Entre ces deux pôles, une longue ligne s’étire. La grande majorité des juifs s’y répartit actuellement. Nul n’est sans réagir, mais nul ne réagit de la même manière, aucun point de la ligne, faut-il le rappeler, n’exprimant une quelconque tendance qui vaudrait pour tous. Ce qu’on peut dire néanmoins, c’est que, dans l’obligation de réagir, une certaine réflexion prend forme, et coagule peu à peu, tel un savoir précieux issu de leur expérience historique. Dans la constellation, un repère se dégage, susceptible de fournir une orientation.
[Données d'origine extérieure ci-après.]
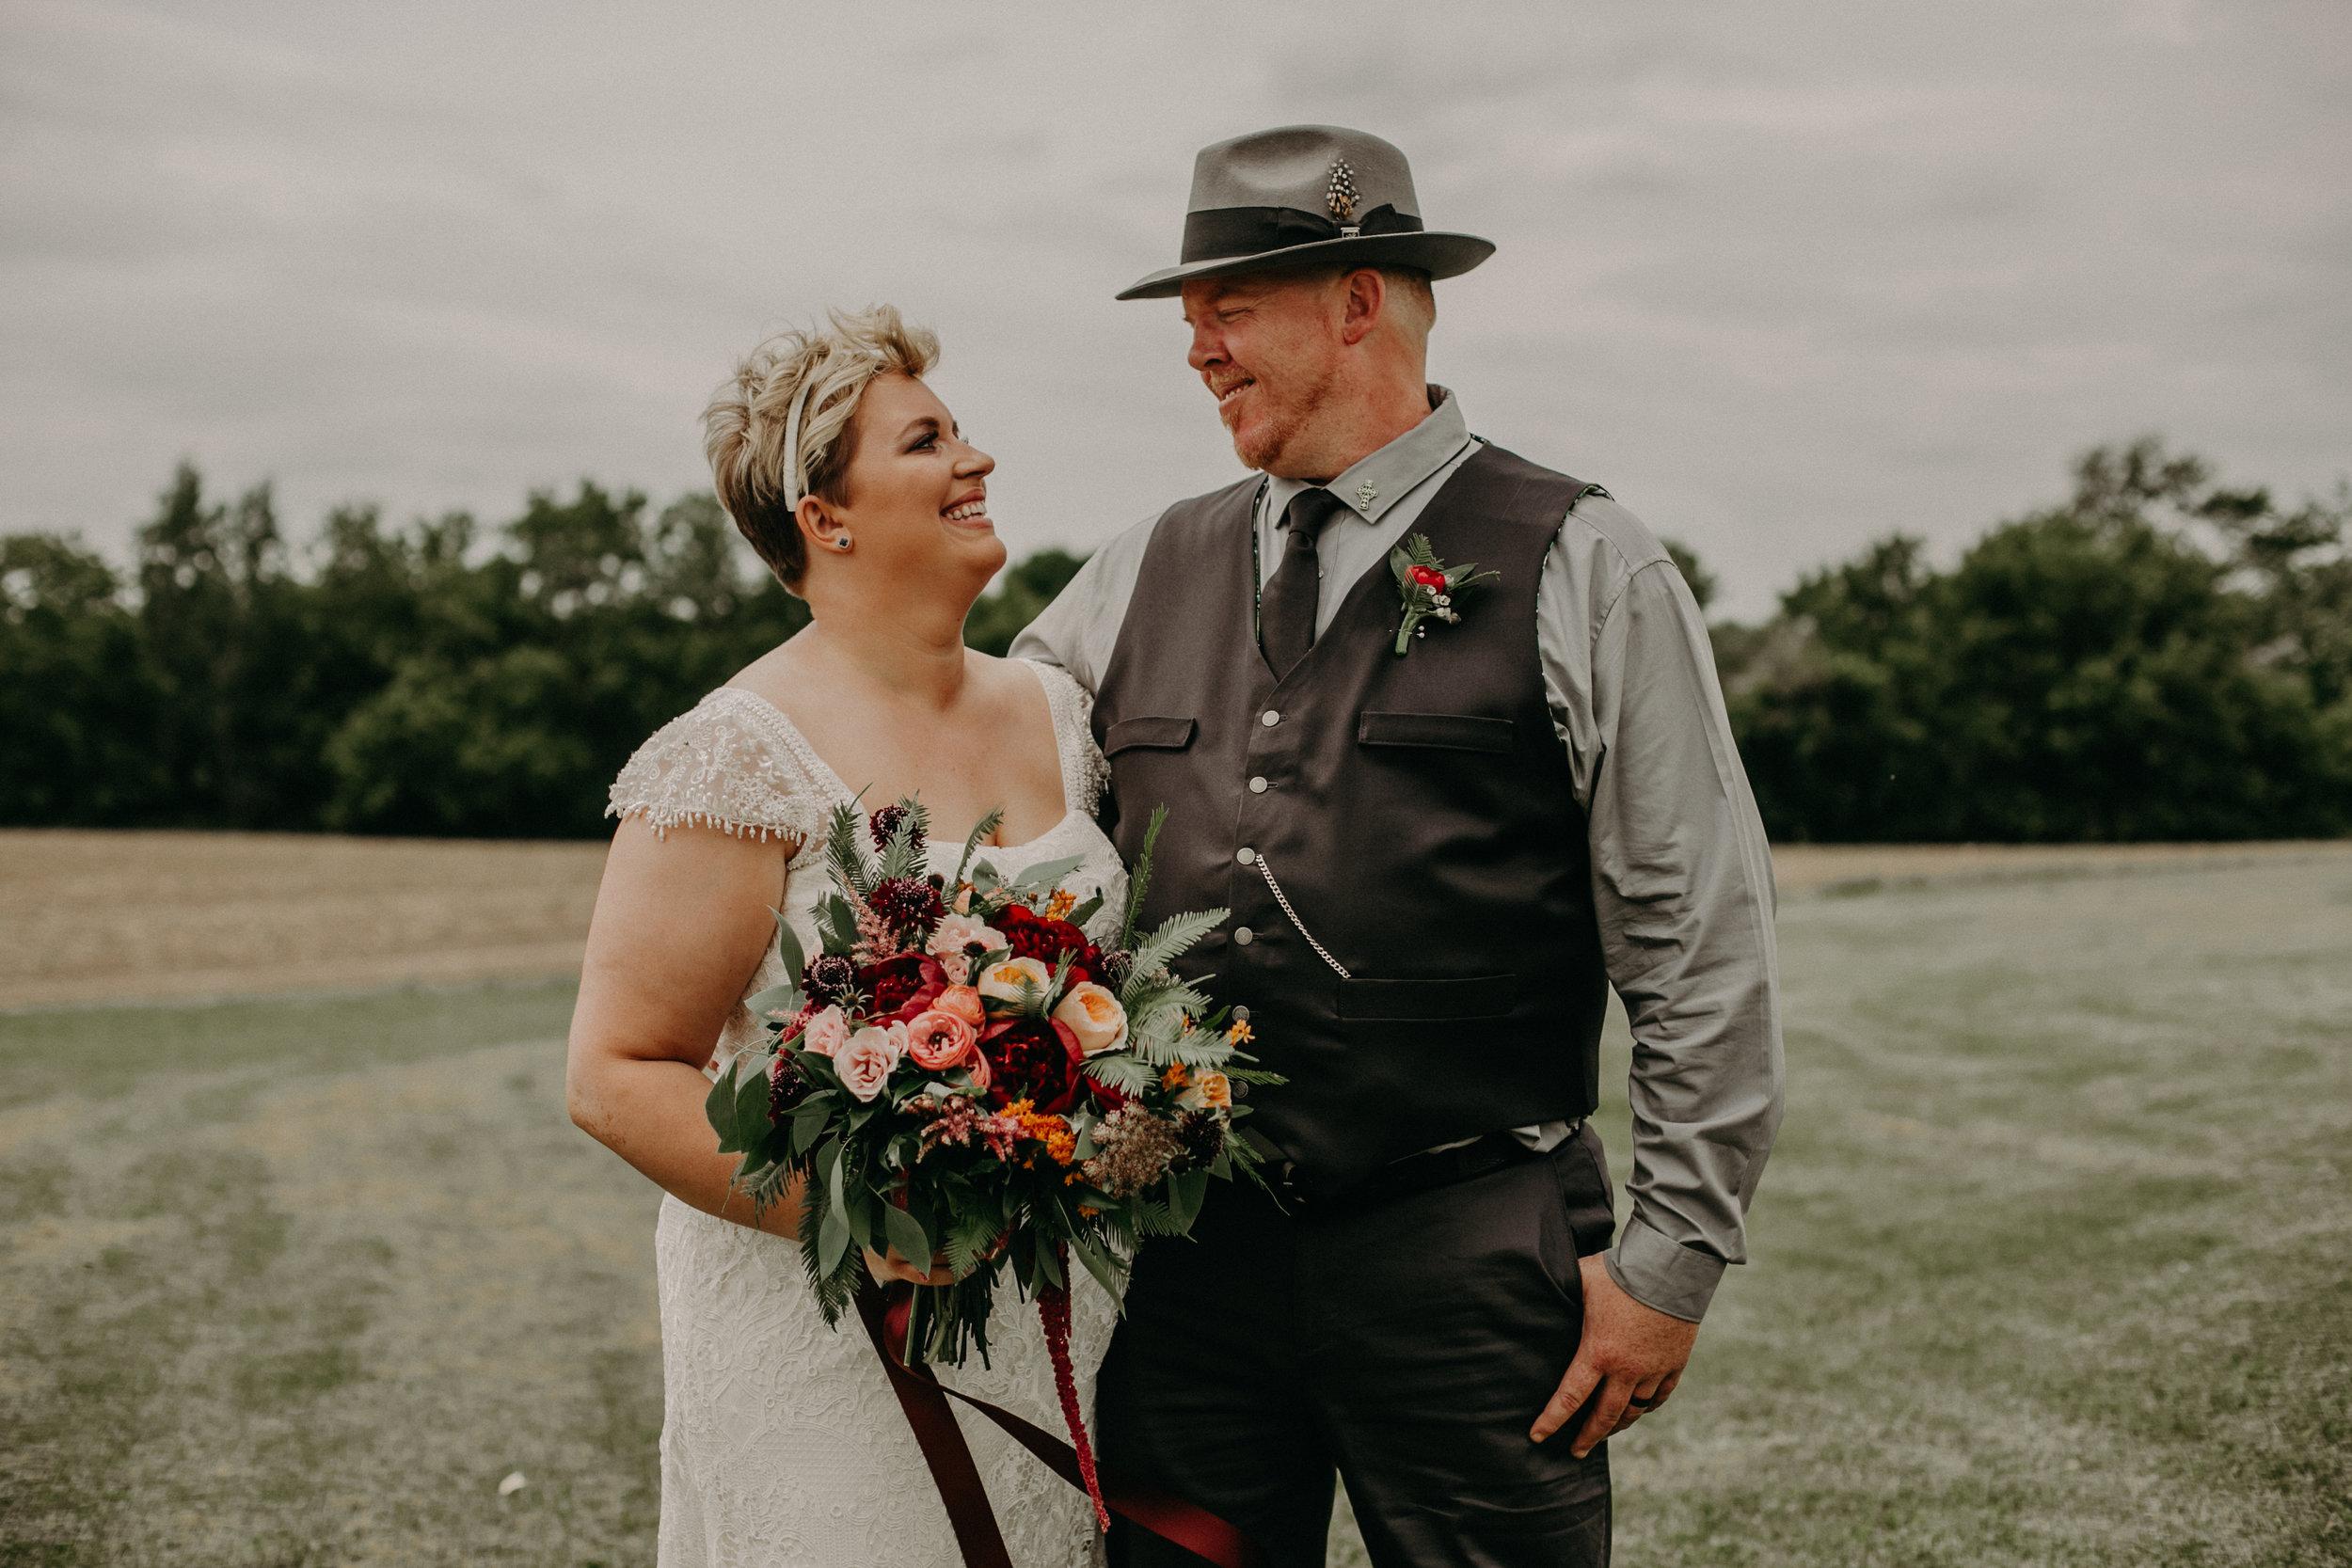 ellsworth wi wedding photographer Andrea Wagner captures outdoor portraits of bride and groom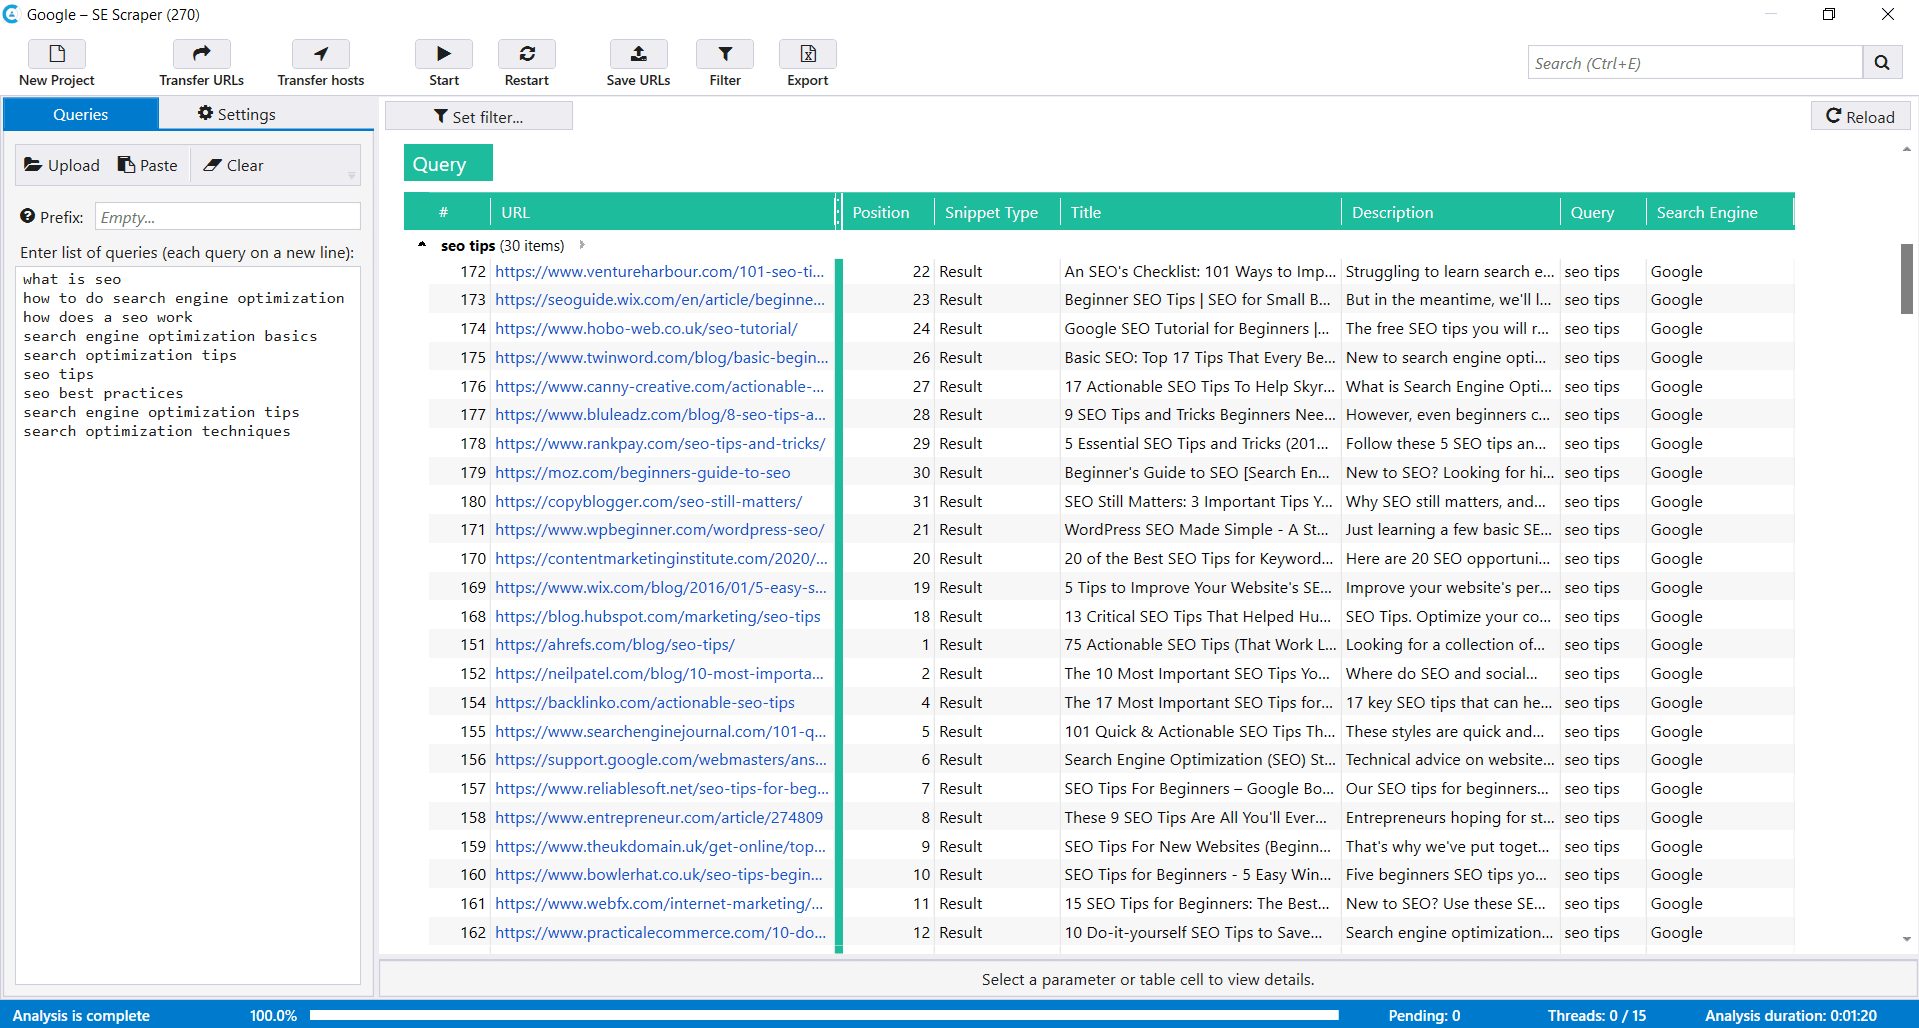 Scraping results in Netpeak Checker

Pour les plus réflexifs (qu’ils demeurent d’ailleurs en Europe ou pas), c’est la reprise du questionnement sur l’identité collective moderne au prisme de l’expérience historique des juifs européens qui s’avère la meilleure option. Le savoir commun encore confus qui s’en dégage porte sur la dialectique qu’a inaugurée le croisement de l’aventure politique de l’Europe et celle des juifs, faite de compositions, d’interpolations, de consolidation mutuelle selon les lieux et les époques. Certes, aucun dispositif ne s’offre ici clé en main, mais à l’évidence, le travail réflexif auquel les juifs sont urgemment appelés de par leur position même — travail à peine entamé — devra contribuer à proposer des voies susceptibles de résorber le vide.
Considérée de manière générale, la situation actuelle, dont Zemmour participe au maintien, est la suivante : les juifs sont pris en tenaille entre d’un côté une gauche populiste qui n’oublie pas d’être antisémite au nom de principes qui peuvent être alternativement républicains ou non-républicains, mais qui sont dans les deux cas mal digérés, et de l’autre une droite tout aussi populiste qui se remet à chercher ses marques, discrètement ou ouvertement, du côté de l’héritage de Vichy et de l’assainissement, certes un peu coûteux mais jugé salutaire, qu’il pourrait représenter. Plus la tenaille se resserre, plus la situation s’aggrave, à tout point de vue. Mais la tenaille a aussi pour effet que ceux qui s’y trouvent pris éprouvent leur propre vitalité.
Il semble alors qu’on soit parvenu au stade où les juifs ne peuvent pas ne pas voir collectivement où ils en sont. Ils se demandent où se place le barycentre d’une existence viable, pour eux, en Europe. Depuis leur inconfort actuel, ils s’aperçoivent qu’ils ont quelque chose à enseigner de très spécifique sur la dérive contemporaine des questions identitaires. Sur la ligne de crête où se meut actuellement la République en France, ils retendent un fil auquel il est possible de s’accrocher. Sans quoi, c’est vrai, la chute risque bien d’être inéluctable.